Given information.
'''

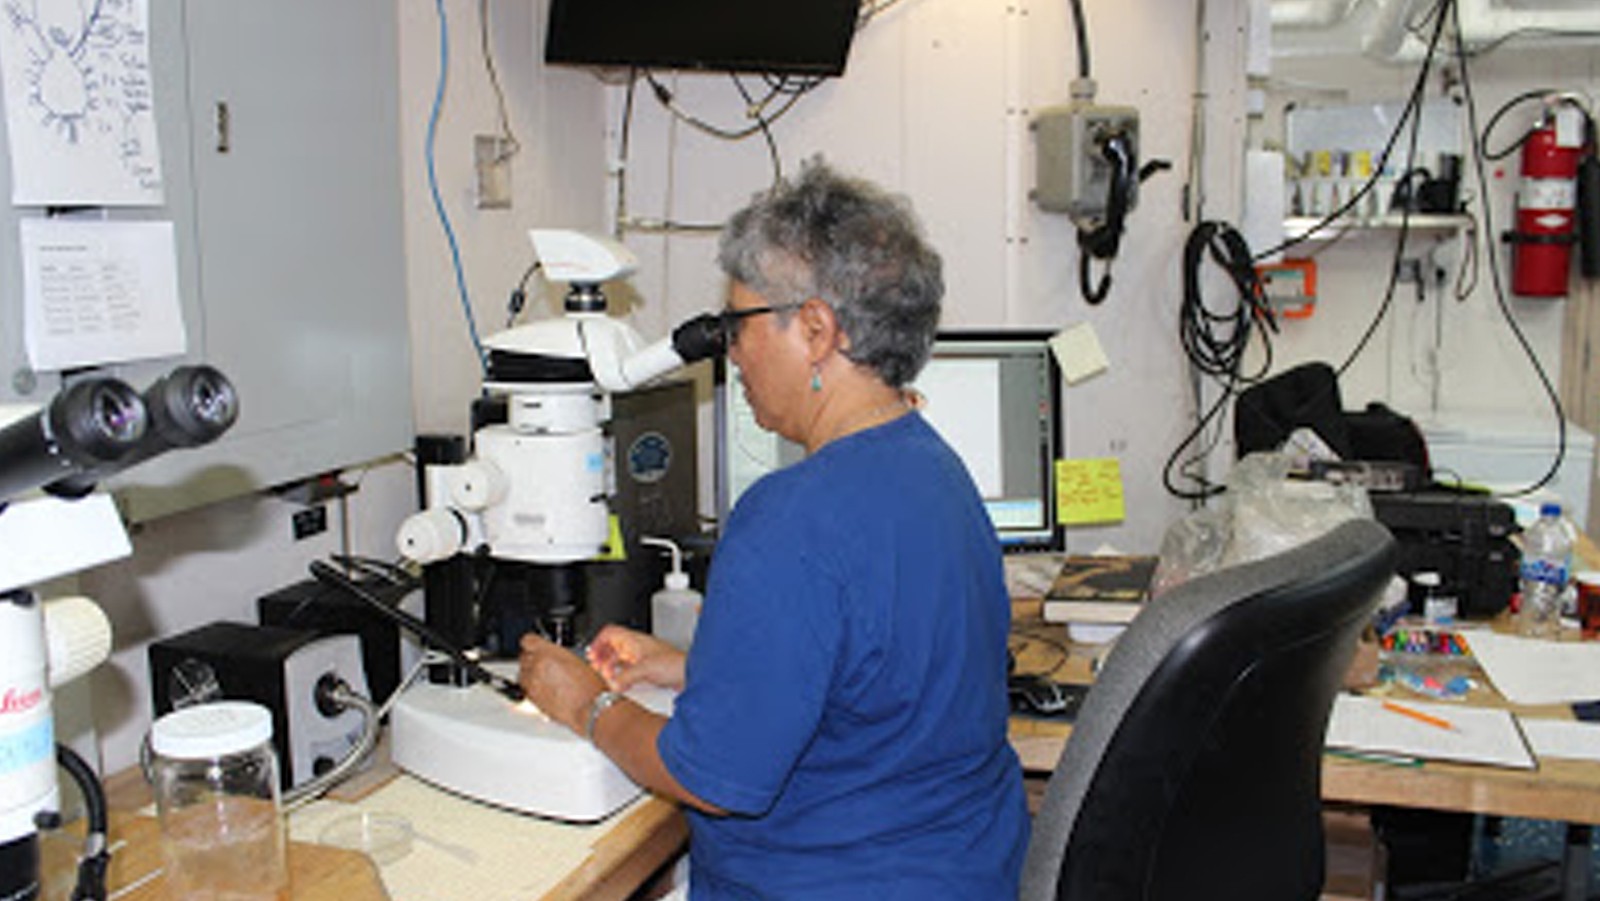 Los científicos que trabajan a bordo de la nave de investigación Nancy Foster. Crédito de la imagen: NOAA
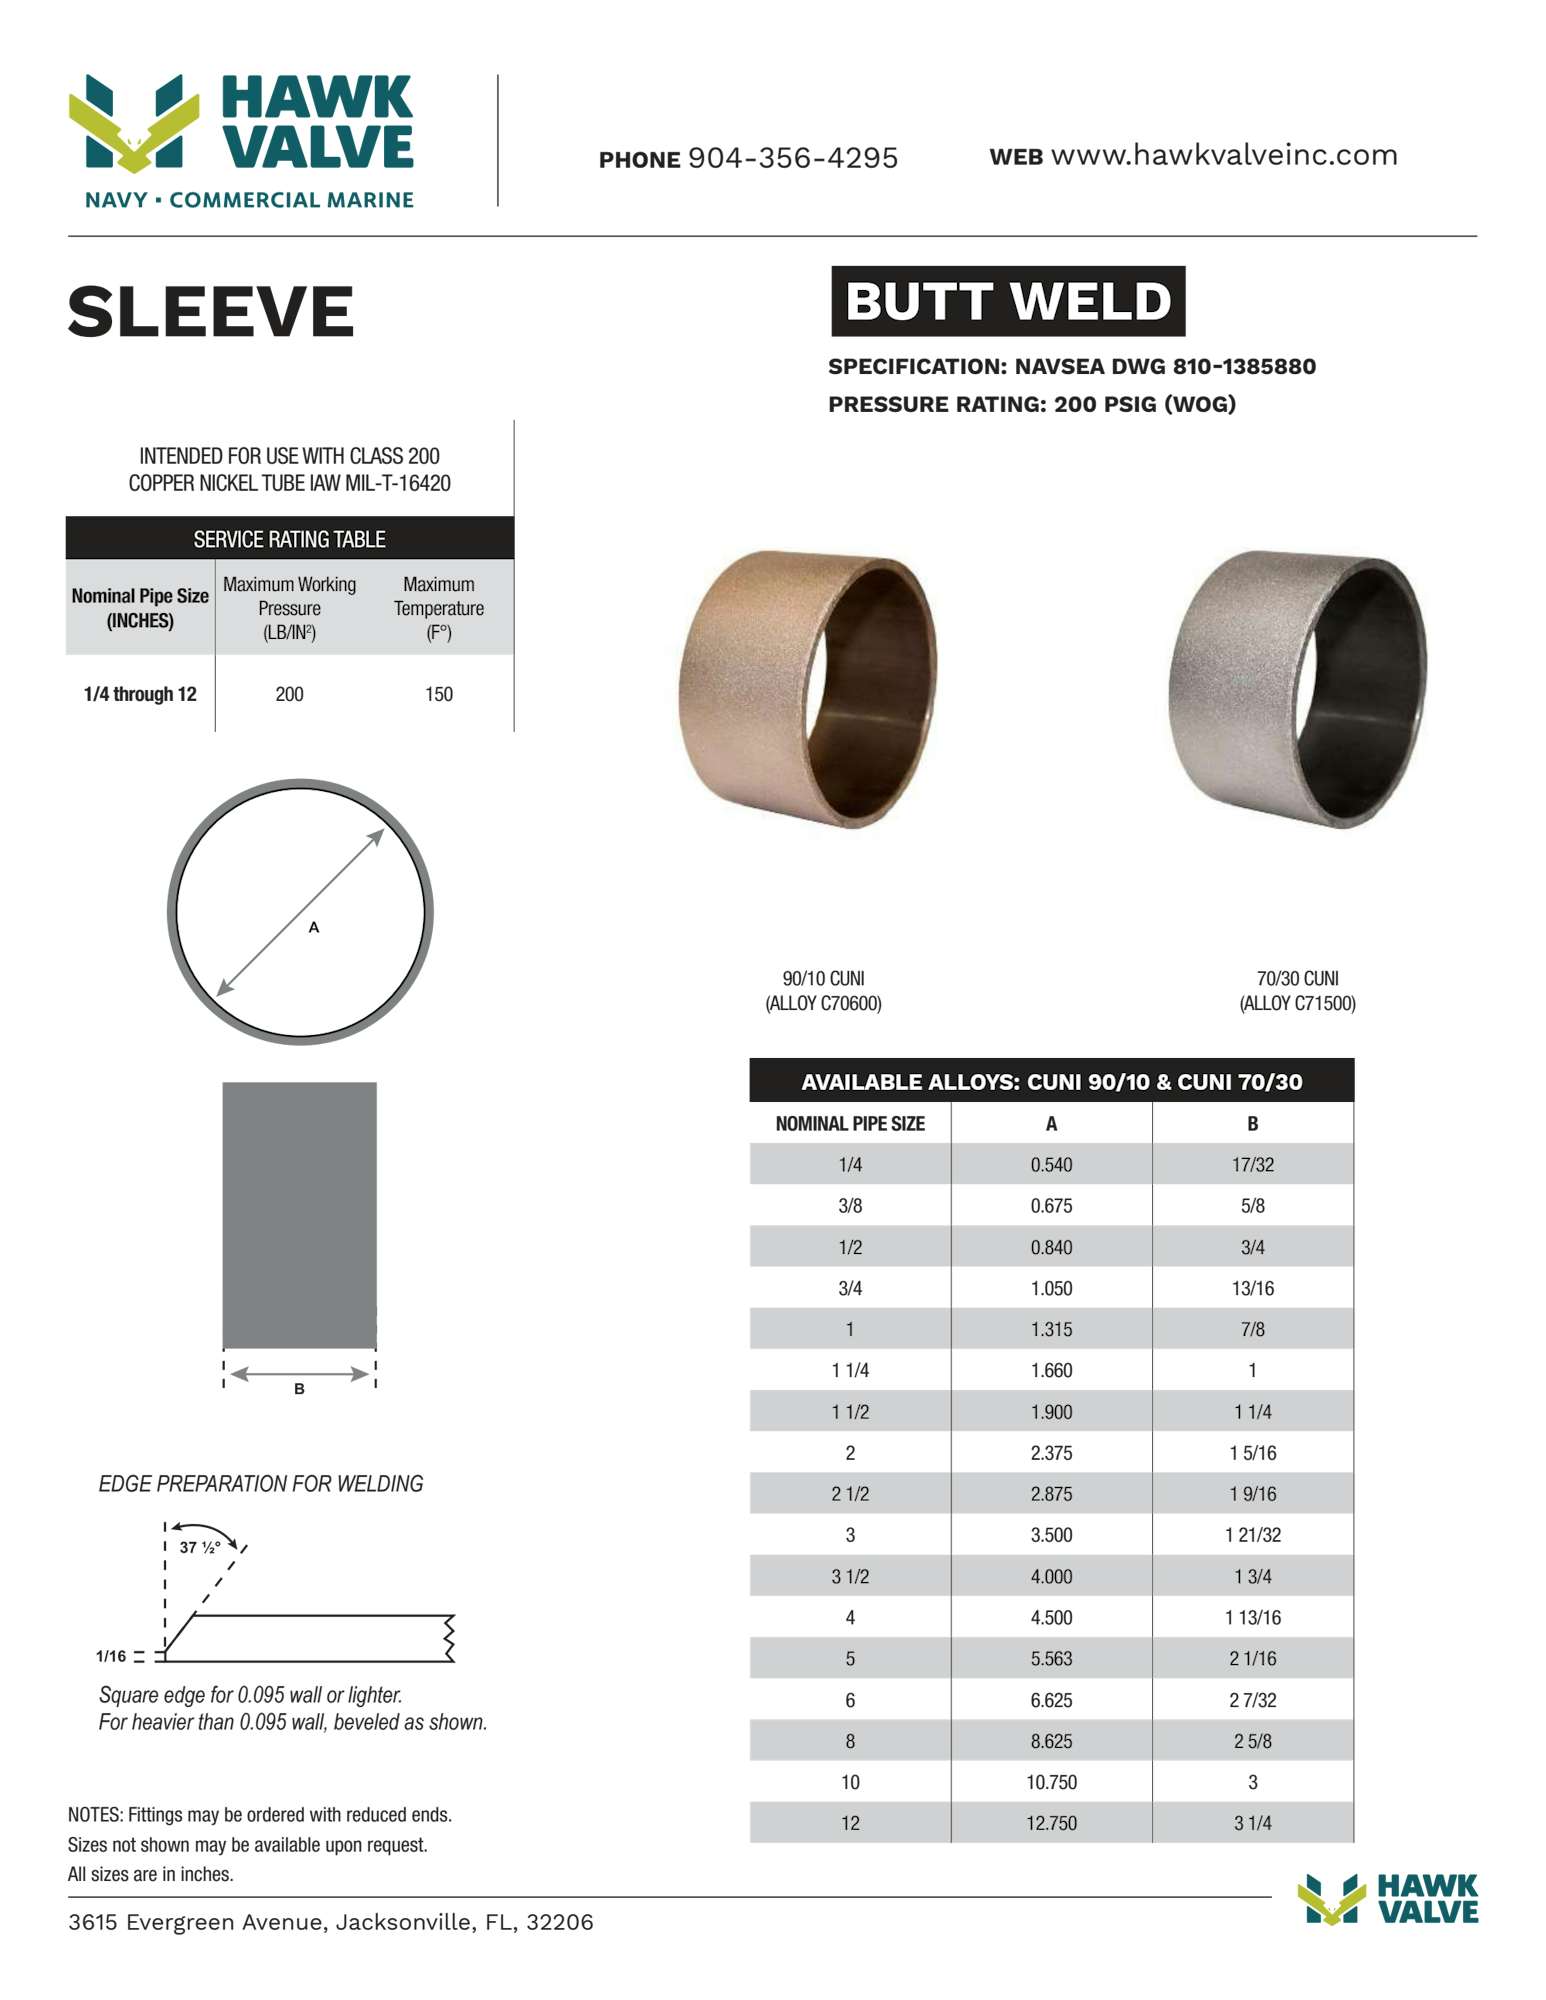 BUTT-WELD-SLEEVE.pdf
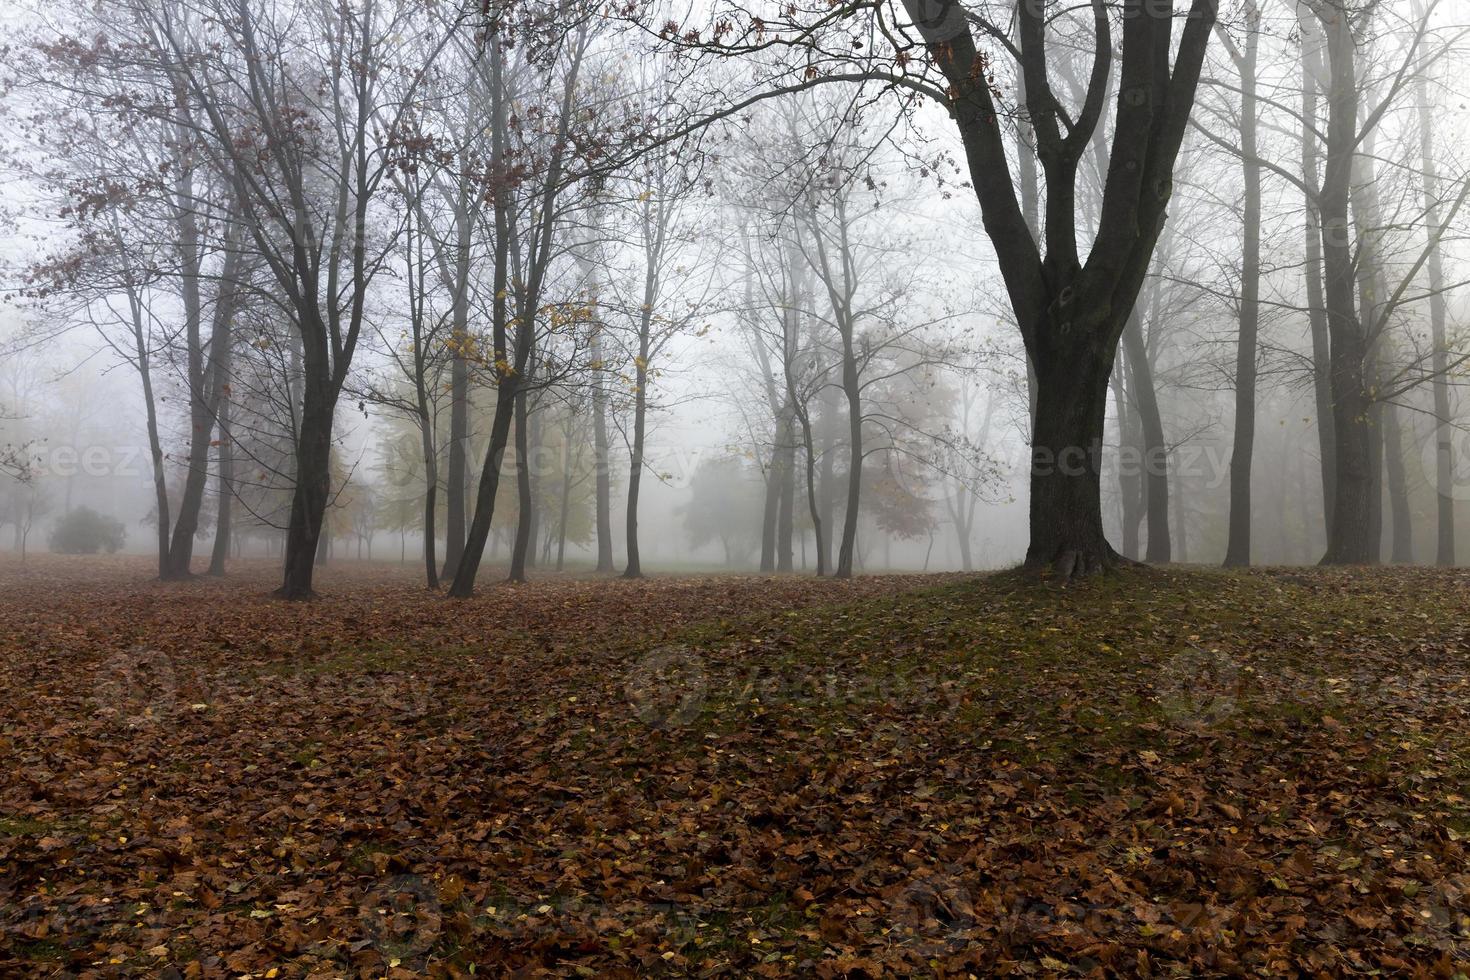 Fog in autumn season photo
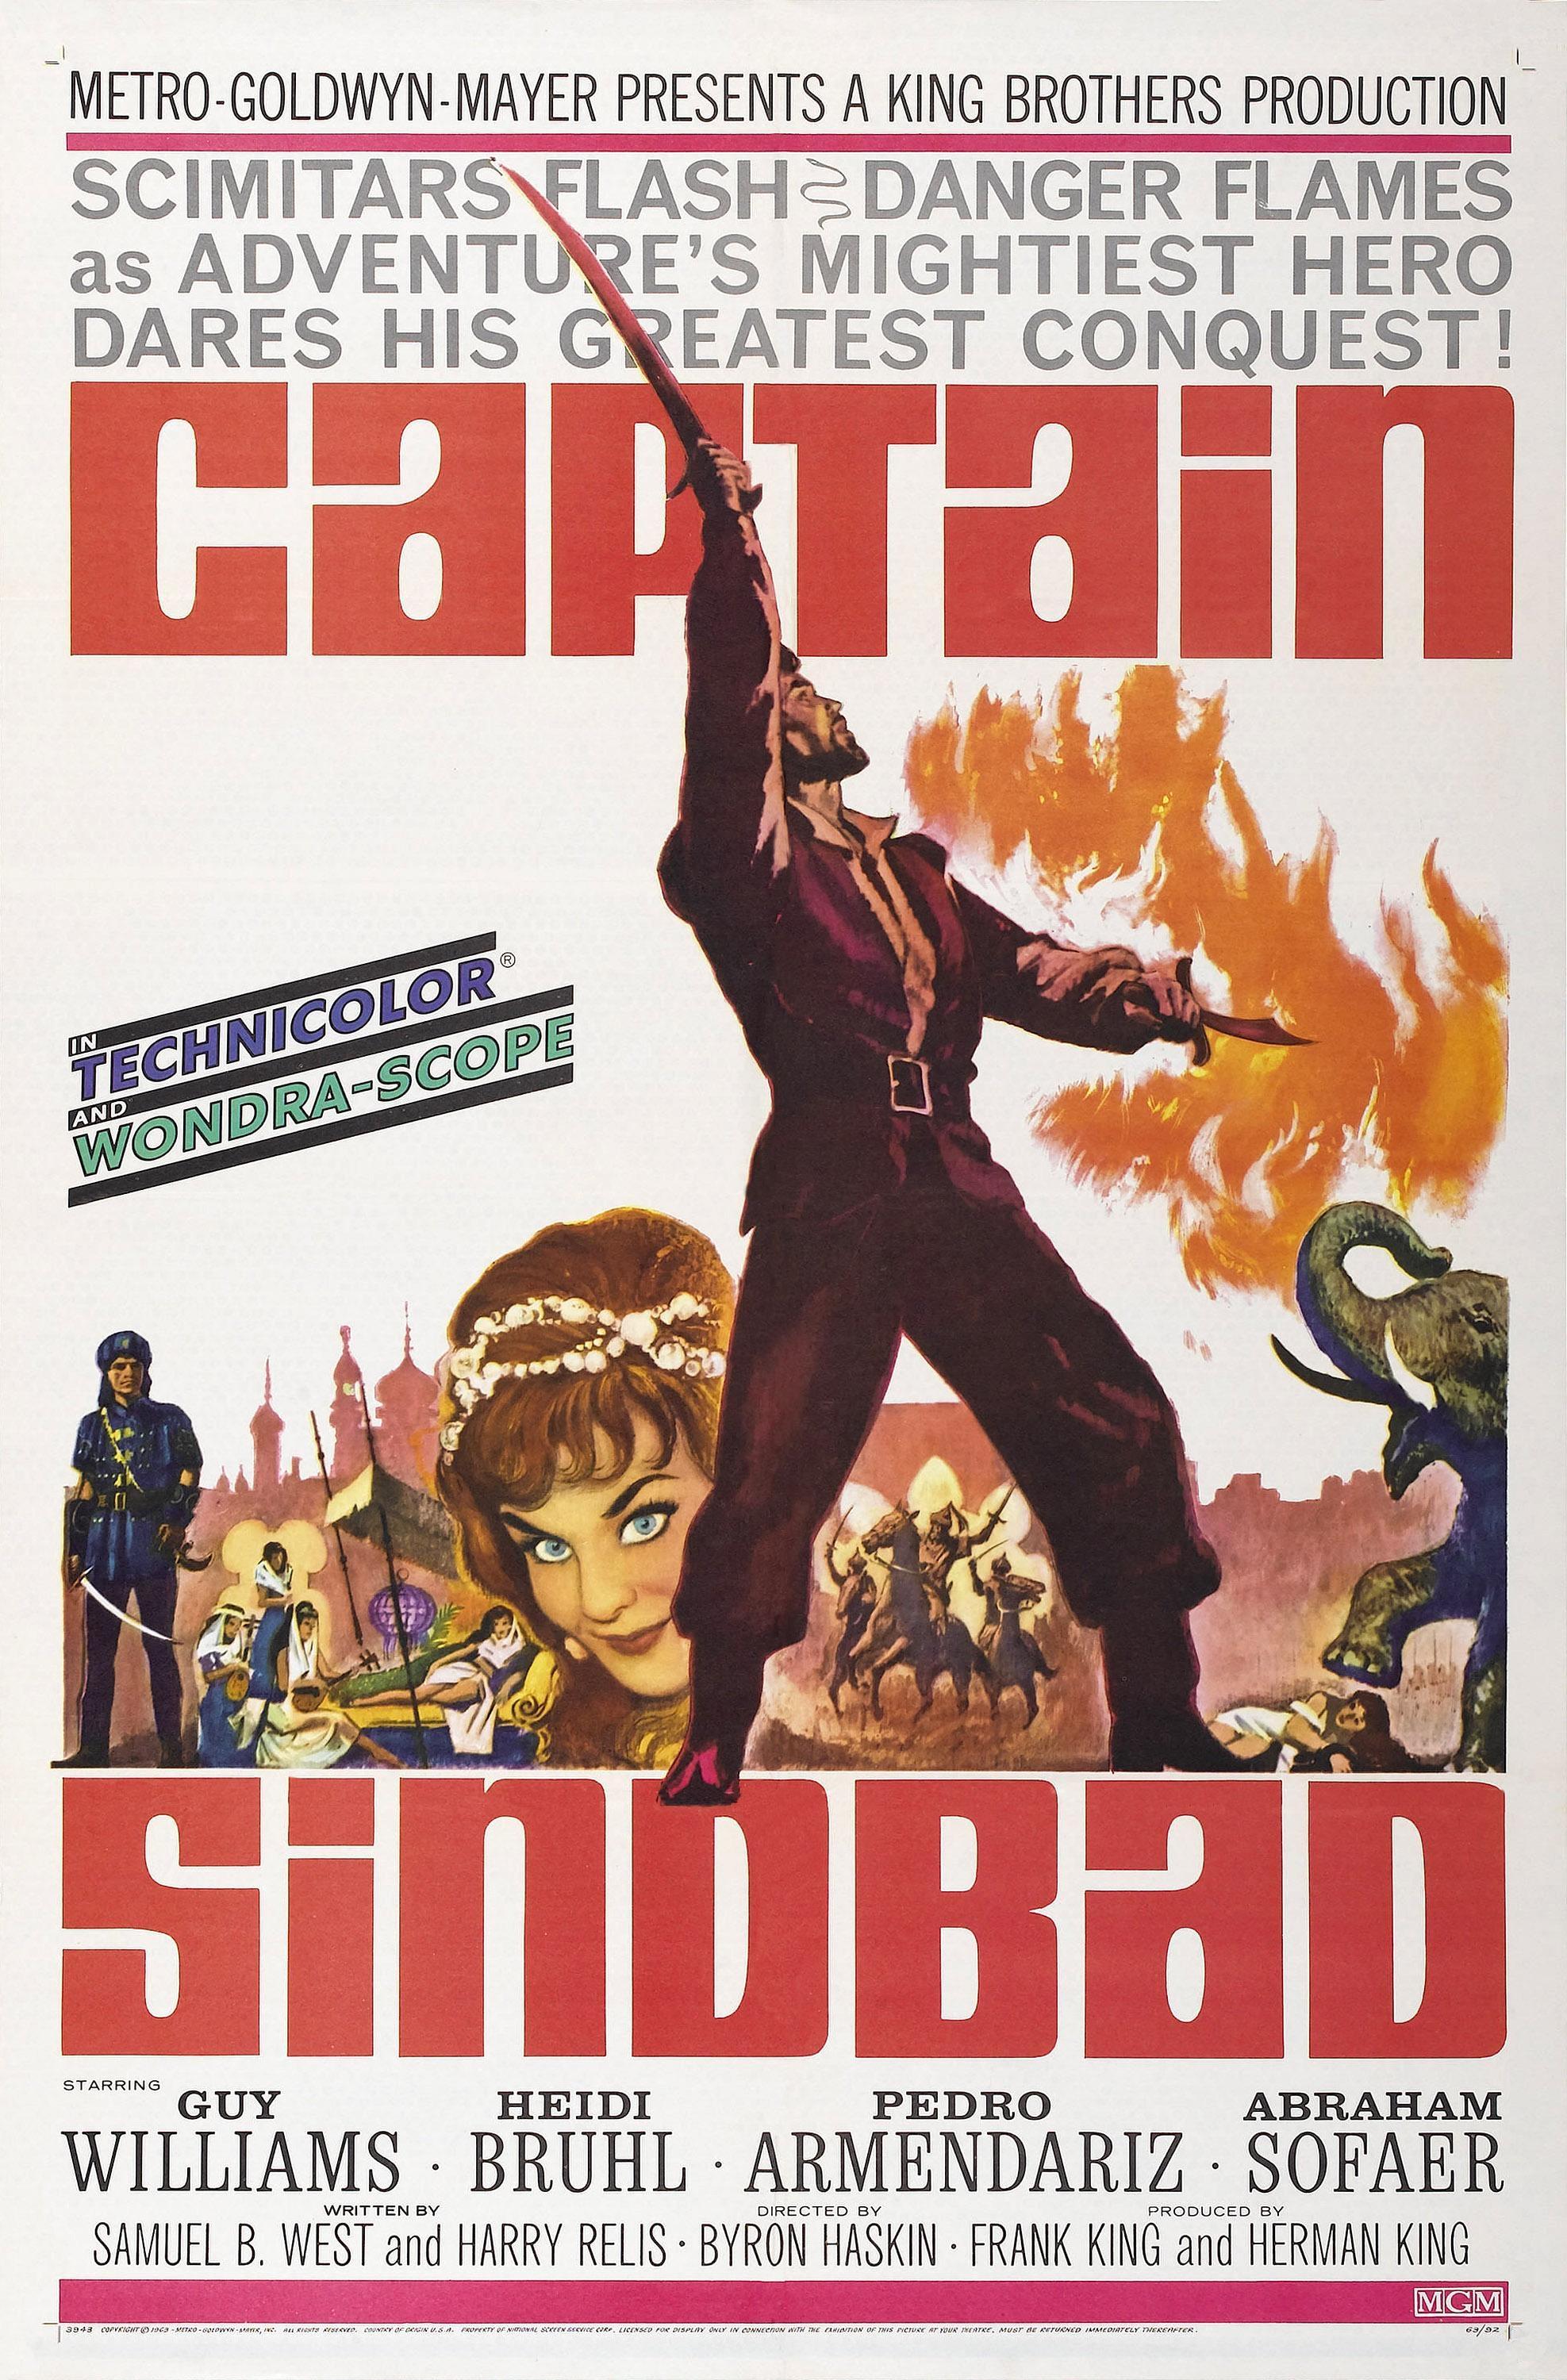 Постер фильма Captain Sindbad

'''

Provide the listing above once more, exactly, with the pictures removed.

 Los científicos que trabajan a bordo de la nave de investigación Nancy Foster. Crédito de la imagen: NOAA
 BUTT-WELD-SLEEVE.pdf
 Fog in autumn season photo
 Постер фильма Captain Sindbad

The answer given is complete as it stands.